Juri Ehlvest - Юрий Эхльвест, двадцатый век

Пришествие царя
(Juri Ehlvest,
переводчик с эстонского -- Кристина Пашковская)

Иосиф Лауль был на кухне и варил себе утренний кофе. Для этого он достал из пачки один бумажный фильтр, поместил его над кружкой в виде воронки и наполнил кофе. Он не стал доставать кофе из банки ложкой, а вытряс его оттуда через край. Потом набрал стакан воды и вылил в кофеварку в отделение для воды. Стаканы были трех видов: большие, средние и маленькие. Иосиф Лауль не обратил внимания на то, какой стакан использовал, его это совершенно не интересовало, потому что все равно он пил кофе из чашки, а не из стакана. Часть кофе, пока он его тряс, просыпалась на пол. Иосиф Лауль взял из раковины тряпку и собрал с пола кофейную пыль. Готовый кофе капал в кружку. Иосиф достал чашку и наполнил ее. В то же время кофе продолжал вариться, но теперь он капал не в кружку, потому что ее Иосиф Лауль уже вынул, а на горячую плитку, которая подогревала бы кружку для кофе, если бы та стояла на месте. Кофе на плитке зашипел, зашкворчал и стал испаряться. Кухня наполнилась ароматом превращенного в пар кофе. Одной рукой держа чашку, из которой пил, Иосиф Лауль второй рукой продолжал держать кружку кофеварки. Потом он поставил кружку обратно и подошел к окну. Оставшийся между дном кружки и горячей плиткой кофе уже не мог улетучиваться и начал издавать такой звук: прып-прып-прып... Иосиф Лауль, который стоял у окна, увидел летящий вертолет. Вертолет медленно передвигался от одной занавески к другой. Шума вертолета не было слышно. Его замещал звук кофеварки. Это прыппанье совпадало с движением вертушки и оставалось впечатление, будто вертолет мучается, болен и готов упасть. На кухню зашла женщина.

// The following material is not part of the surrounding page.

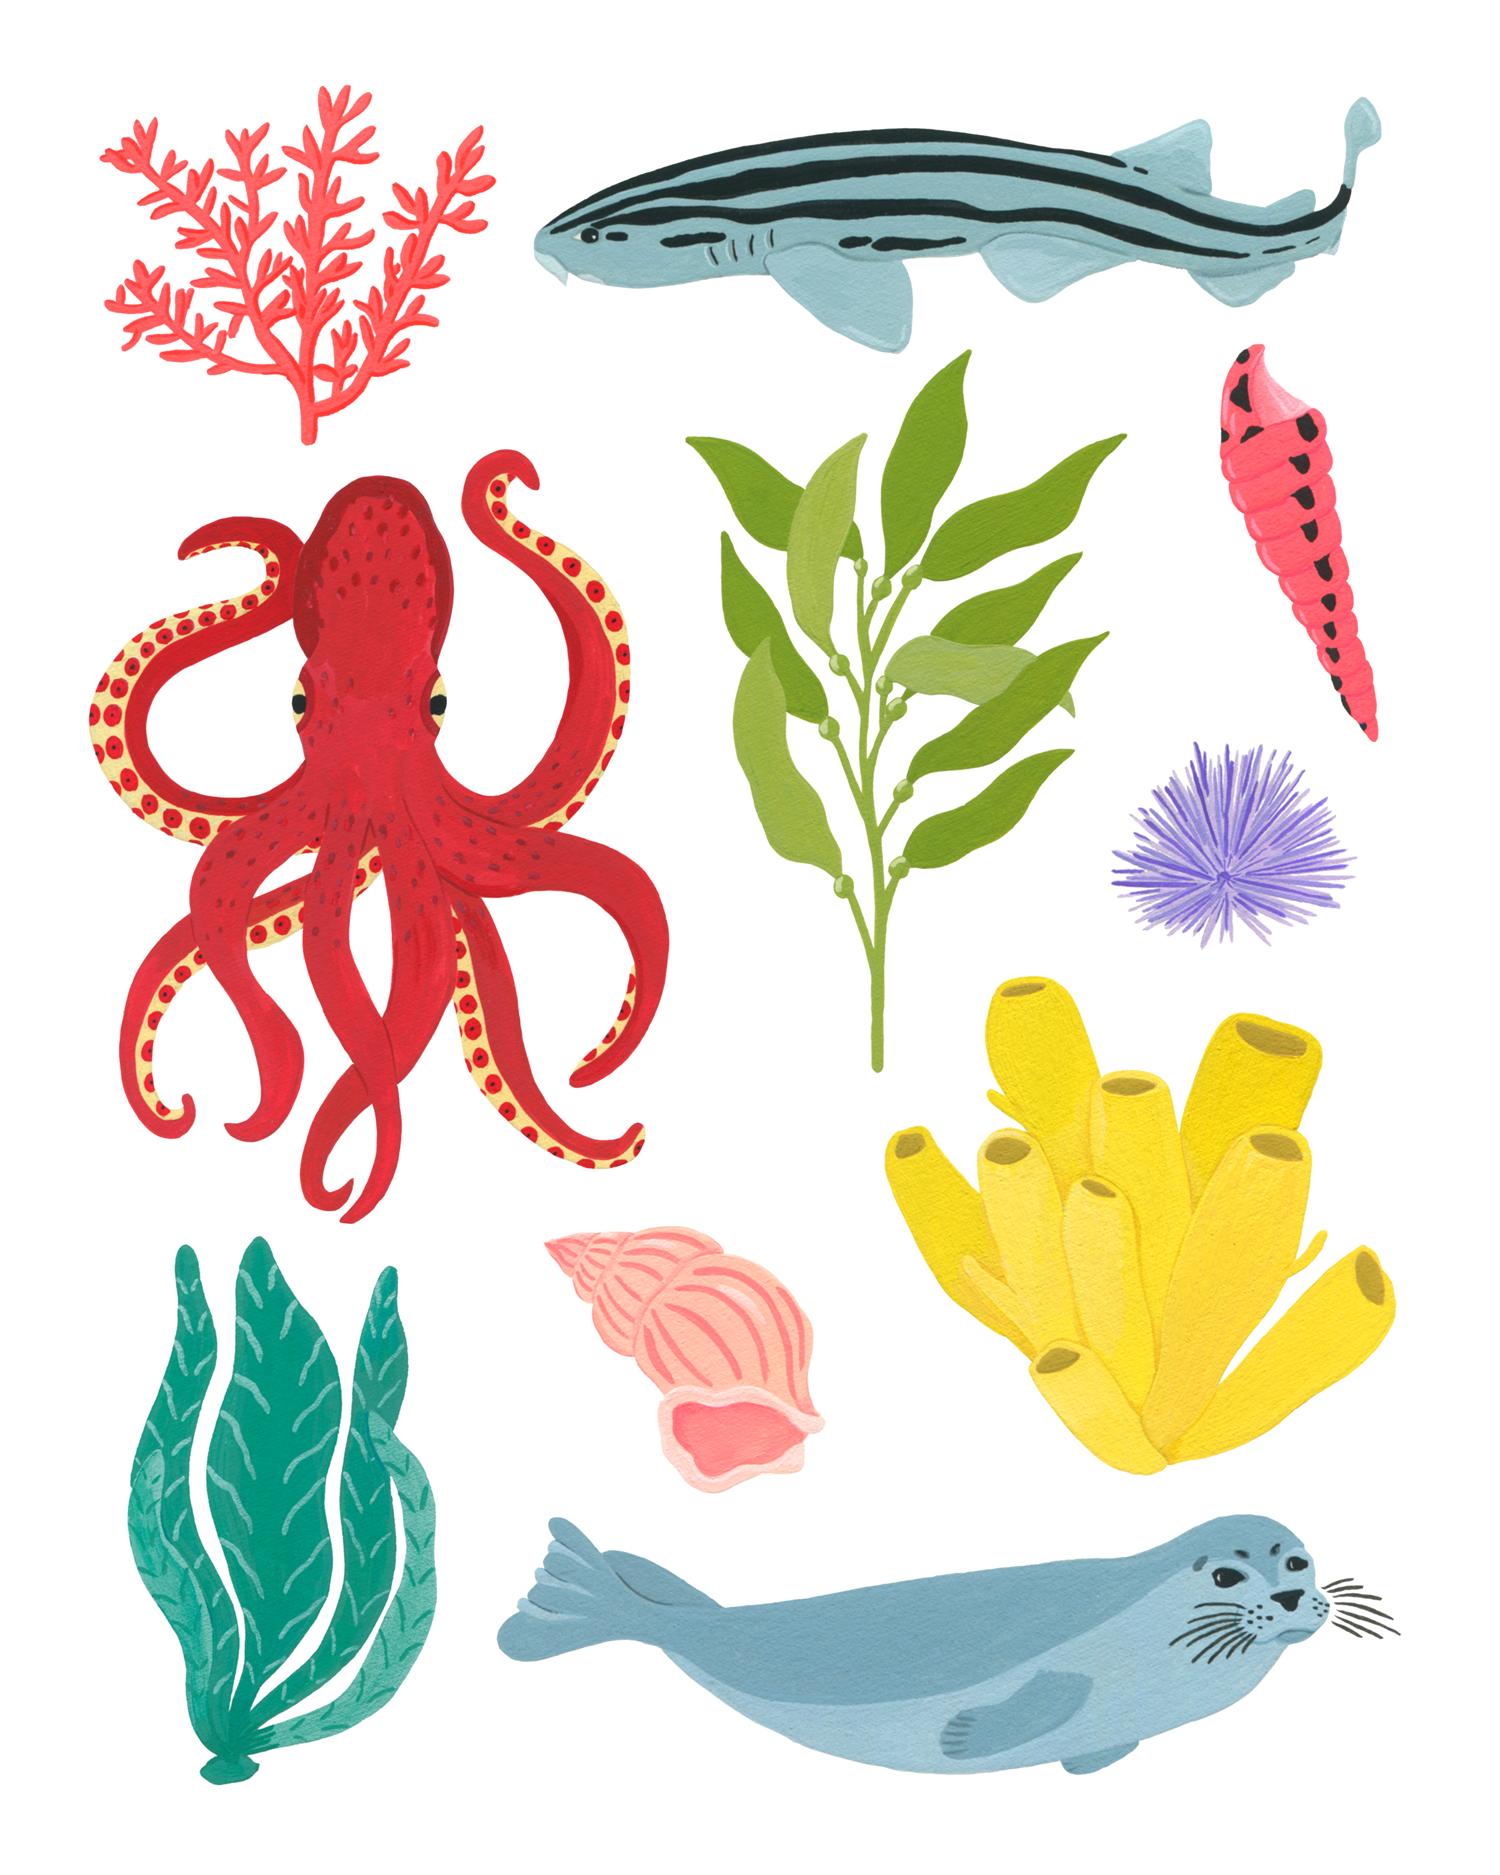 Marie-pellet-illustrations-portfolio-gouache-myoctopusteacher-seal-shark-corail-shell-octopus-projet-personnel-coquillages-algues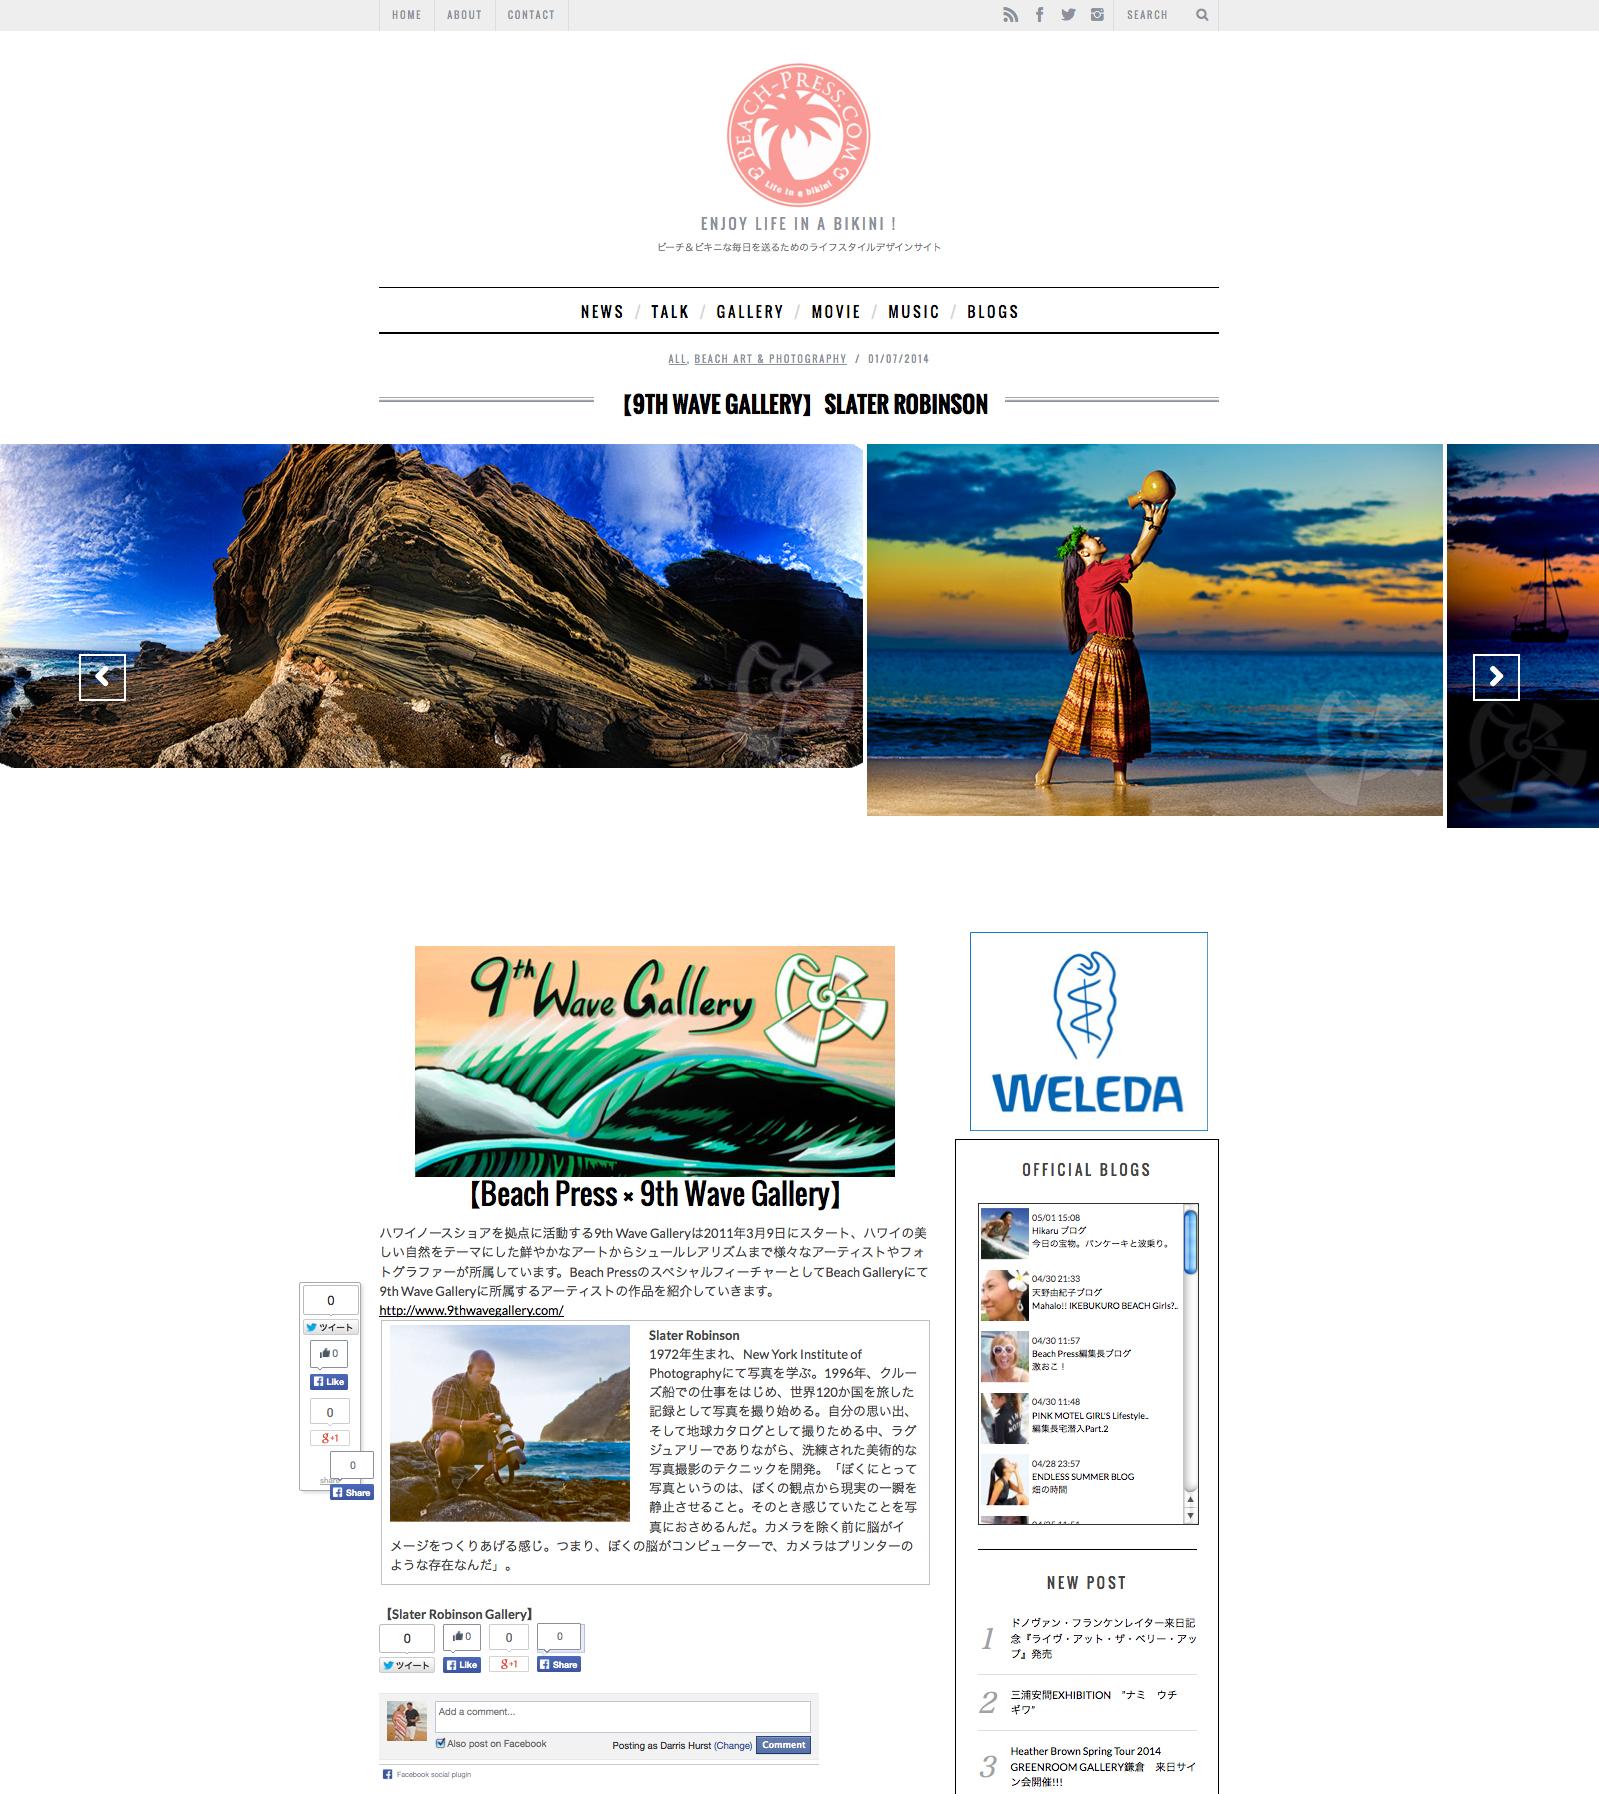 2014-01-07-slater-robinson-beach-press.jpg

“Где он, где, где ребенок...”, спрашивала жена Иосифа, как в наваждении. Со смерти ребенка прошло три месяца. Это похоронило семью Иосифа. Через ворот ночной рубашки женщина вынула левую грудь и держала ее, будто хотела покормить ребенка. Длинные волосы женщины перепутались и слиплись у глаз. Иосифу припомнилось, что жена снова плакала вечером в постели.

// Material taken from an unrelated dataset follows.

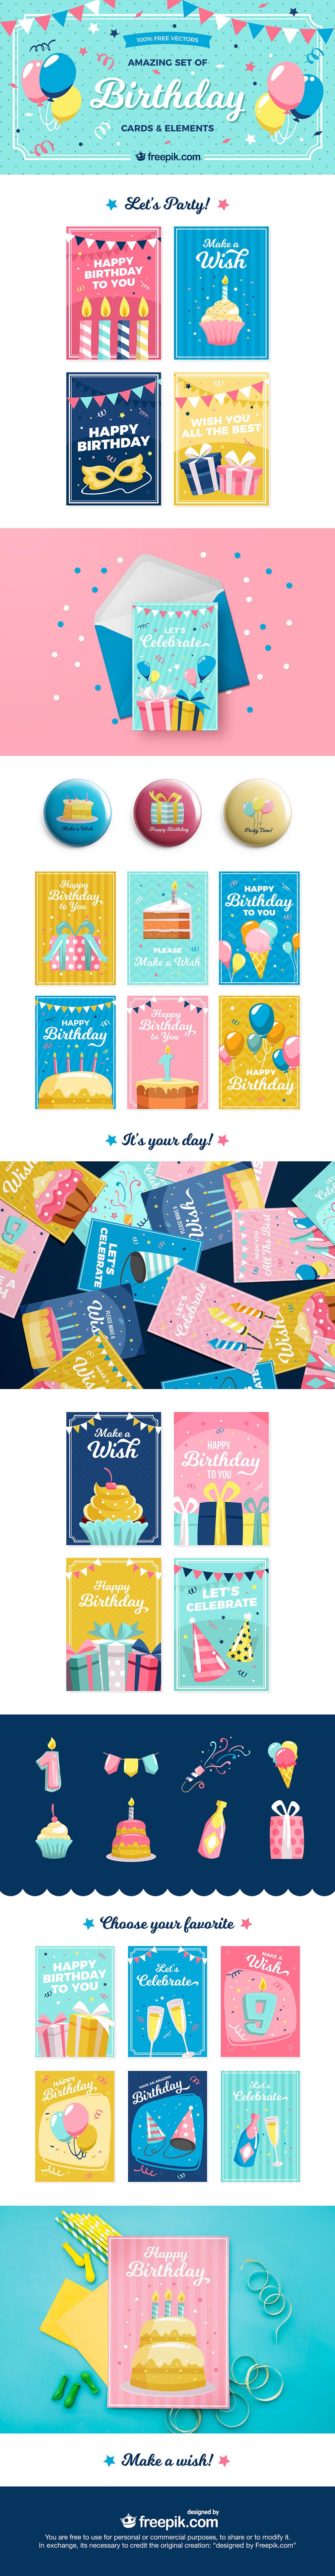 Amazing Set of Birthday Cards & Elements

“Самое главное - отдохни, я сварил тебе кофе”, сказал Иосиф и вынул из кофеварки кружку. Прыппанье прекратилось. В ту же минуту вертолет повернул и полетел обратно той же дорогой. “Где ребенок”, закричала женщина, схватила мужа за руку и стала ее тормошить. Кружка выпала. Кофе разлился, но кружка не разбилась. Холодный зимний ветер свистел в окна, выращивая ледяные цветы, которые заслоняли вертолет. Больше его не было видно. Мужчина схватил руку женщины и попытался удержать ее на месте. “Что с тобой, что с тобой”, вскричал мужчина. Тело женщины обмякло. Она посмотрела на мужа сумасшедшими глазами и спросила: “Где наш ребенок?” Мужчина оторопел, он ответил: “Он умер”.

“Да нет же”, сказала женщина. “Его ведь обратно принесли нам сегодня утром. Потому что ведь совсем другой ребенок умер. Детей перепутали. Эта другая мать своего ребенка правда отдала в детский дом и там этот ребенок умер, но этого малыша, который умер, приняли за нашего, а на самом деле он был жив, и тогда они поняли, что перепутали их, и нашего принесли обратно, я же ведь дала ему грудь сегодня утром, а теперь он снова хочет есть. Утром ведь мы положили его в колыбель, но где же она теперь, эта кроватка, почему ты ее снова расстелил?”

“Нет, Эвелин, Эвелин, ты видела это во сне, это был сон, Эвелин”.

“Никакой не сон, я же проснулась, когда малыша принесли, я дала ему грудь, мы уложили его в кроватку”.

“Нет, Эвелин, ты проснулась во сне. Так иногда бывает, ты спала и видела во сне, что проснулась. Ты достала грудь, что-то видела, с тобой могло происходить что-то необыкновеное или вполне заурядное. Ты даже можешь видеть во сне, что снова ложишься спать. И когда потом просыпаешься, то можешь помнить все так ясно, будто и в самом деле просыпалась, но все же ничего не было, все это был только сон.”

“Нет, это был не сон, и к тому же почем ты знаешь, что говоришь, с тобой-то такого никогда не случалось.”

“Почему же нет, мне часто такое снится. Иногда просыпаюсь и чувствую, что мне легко как никогда. Что моей душой властвует доселе неведомый покой и стоит мне чуть напрячься, я освобожусь от земных терзаний, поднимусь в воздух и полечу. Я сажусь по-турецки и складываю руки так, будто держу канат. Легко подтягиваюсь и потихоньку скольжу над полом. Вылетаю из двери, поднимаюсь еще выше... Обычно полет так изматывает, что, как только добираюсь до дома, сразу засыпаю. Когда я наконец просыпаюсь, у меня такое чувство, что я действительно смог оторваться от земли. Но когда я снова так пробую, занимаю такое же положение, из этого, конечно, ничего не выходит, и когда рассеивается эта сонная муть, то понимаю, что все, конечно, лишь сон”.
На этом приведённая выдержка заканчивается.